DATASET RECORDS Start Marker
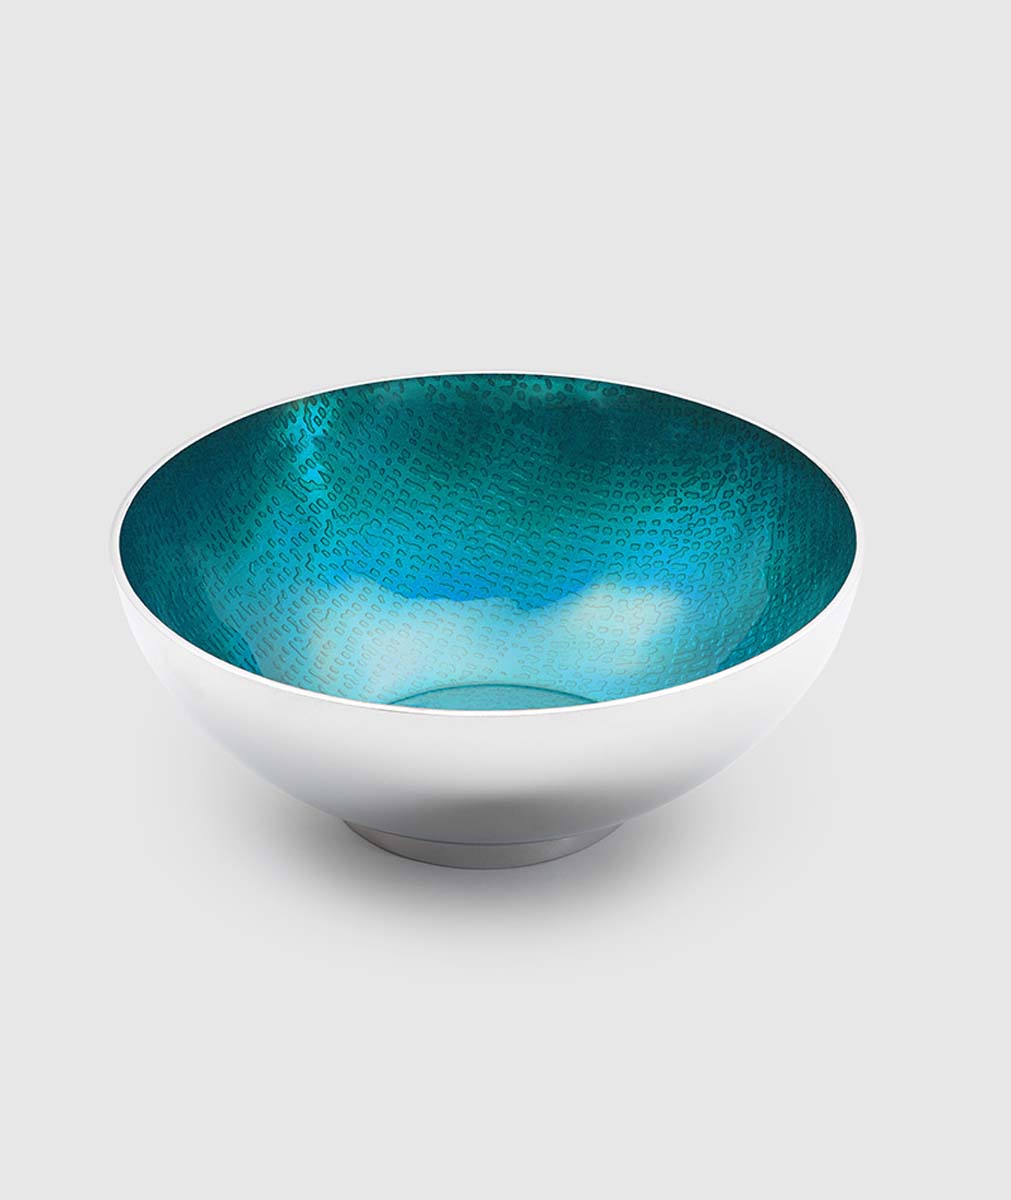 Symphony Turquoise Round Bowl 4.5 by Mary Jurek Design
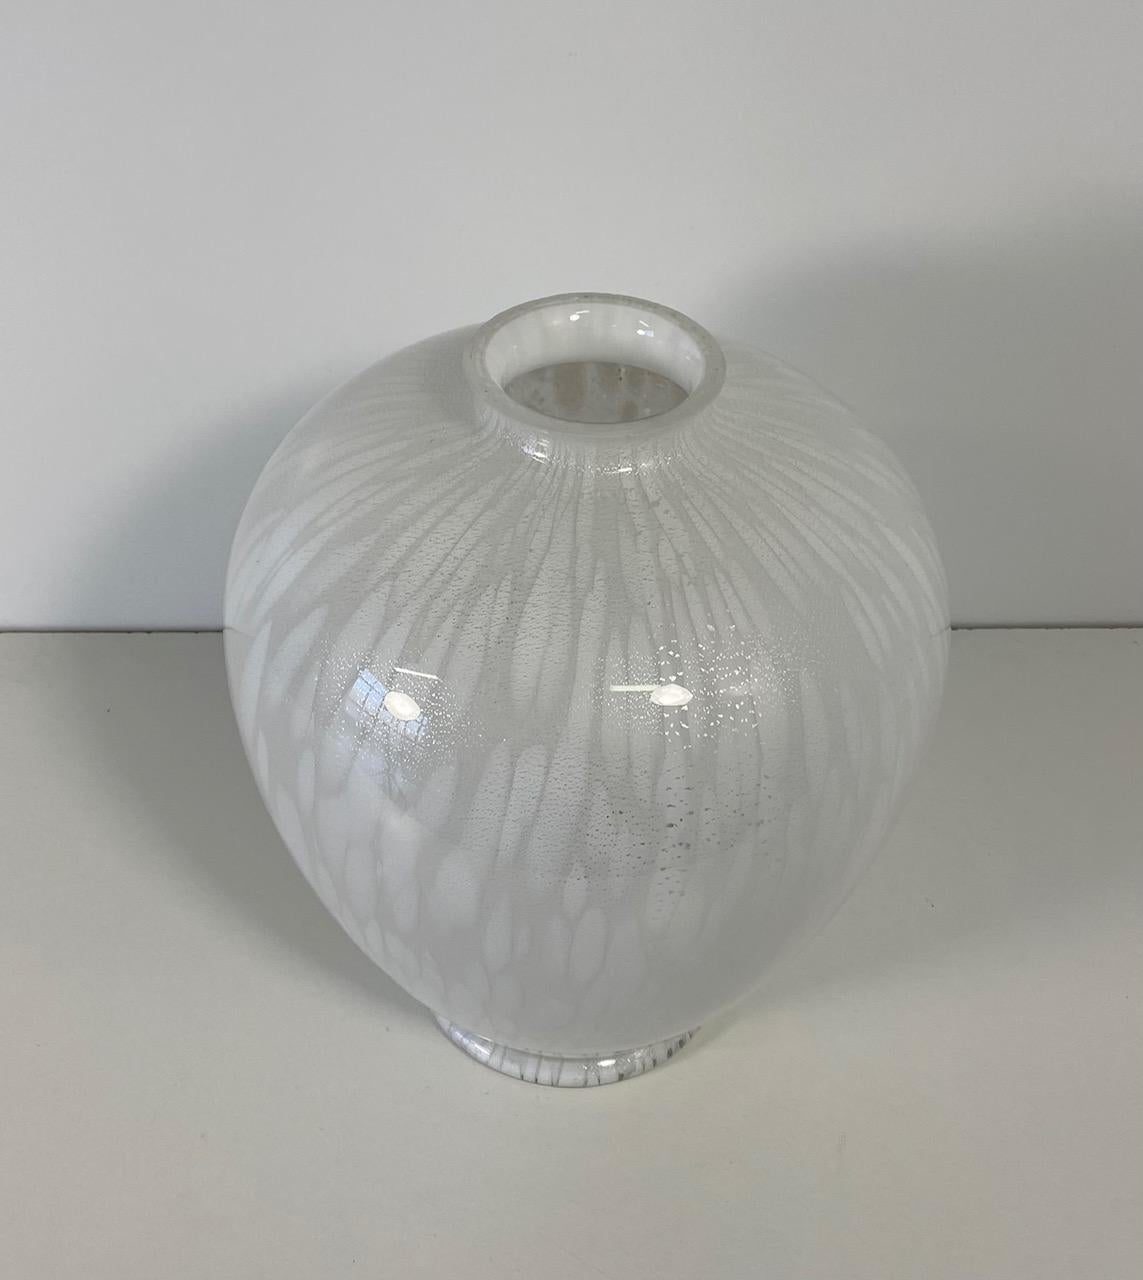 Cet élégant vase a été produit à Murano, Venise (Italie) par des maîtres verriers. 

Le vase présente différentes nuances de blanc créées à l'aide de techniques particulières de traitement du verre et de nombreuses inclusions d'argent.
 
DATASET RECORDS End Marker
DATASET RECORDS Start Marker
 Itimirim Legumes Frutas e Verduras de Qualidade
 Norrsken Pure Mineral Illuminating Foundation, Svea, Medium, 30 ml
DATASET RECORDS End Marker
DATASET RECORDS Start Marker
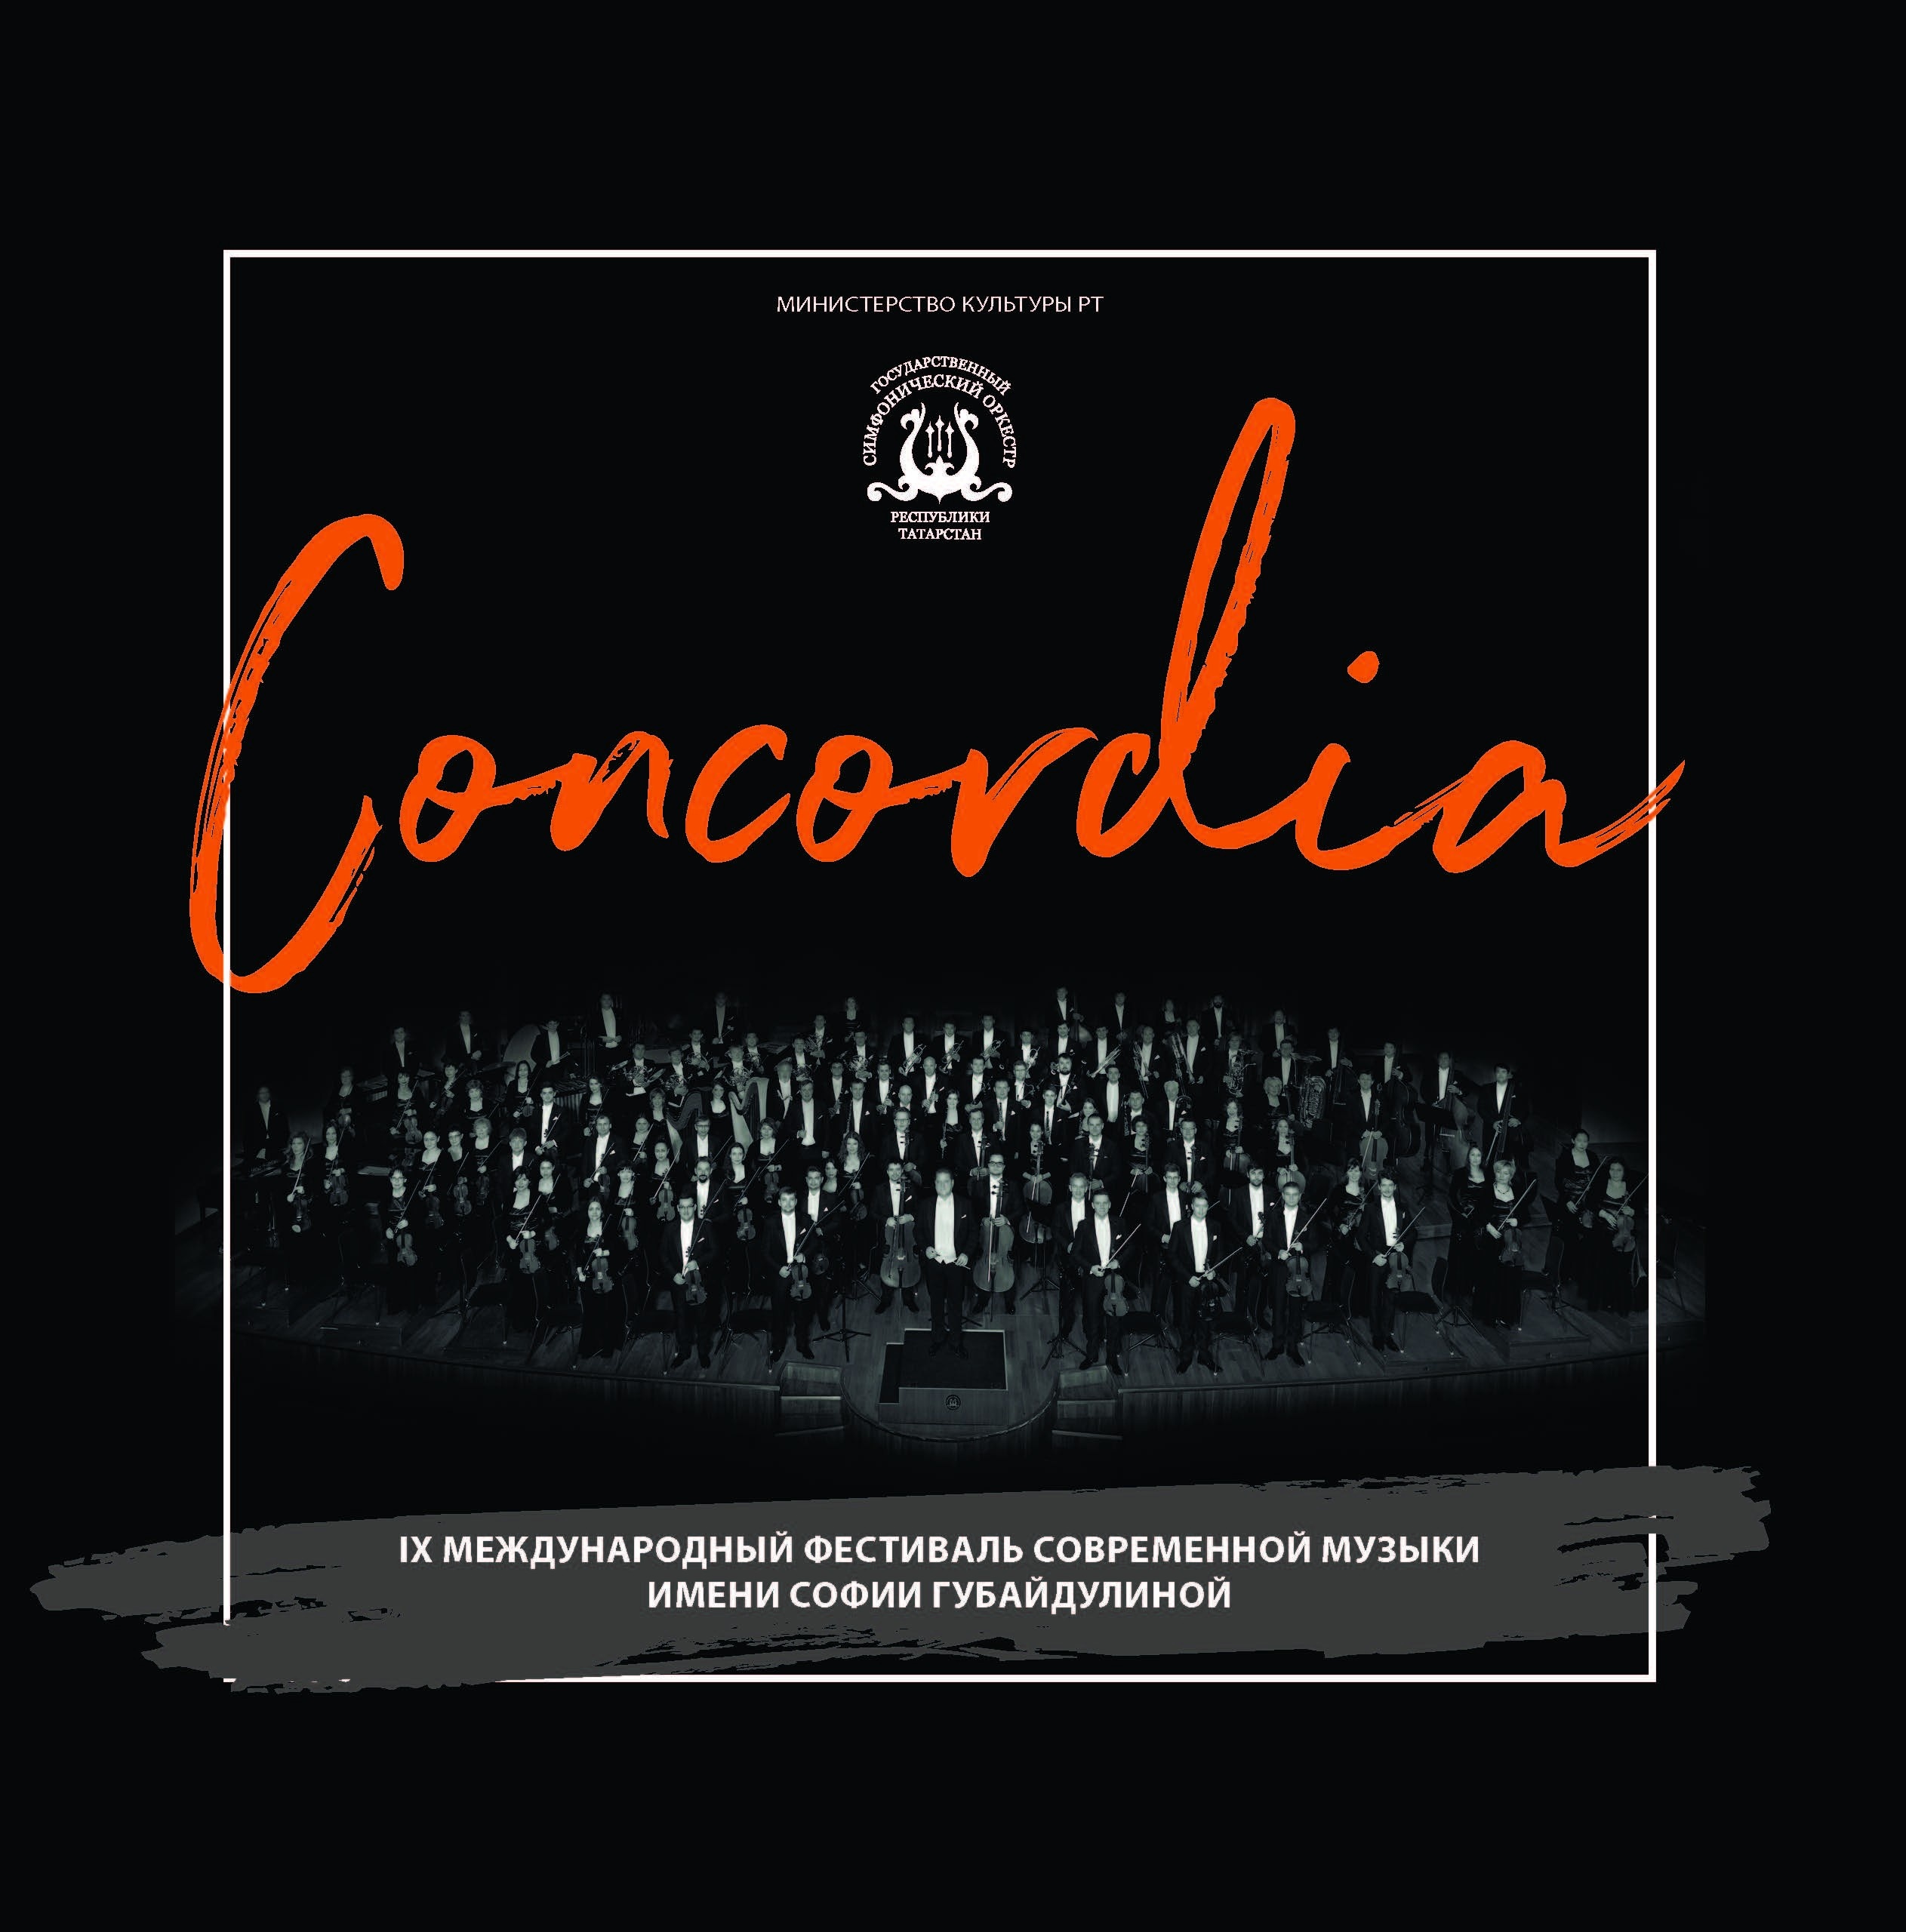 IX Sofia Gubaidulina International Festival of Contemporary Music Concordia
DATASET RECORDS End Marker
▸ **DIRECTIONS**:
Reproduce the data above exactly, but only from the line containing "Cet élégant vase" through the line containing "Le vase présente"; skip the pictures.

▸ **RESULT BELOW**:
 Cet élégant vase a été produit à Murano, Venise (Italie) par des maîtres verriers. 

Le vase présente différentes nuances de blanc créées à l'aide de techniques particulières de traitement du verre et de nombreuses inclusions d'argent.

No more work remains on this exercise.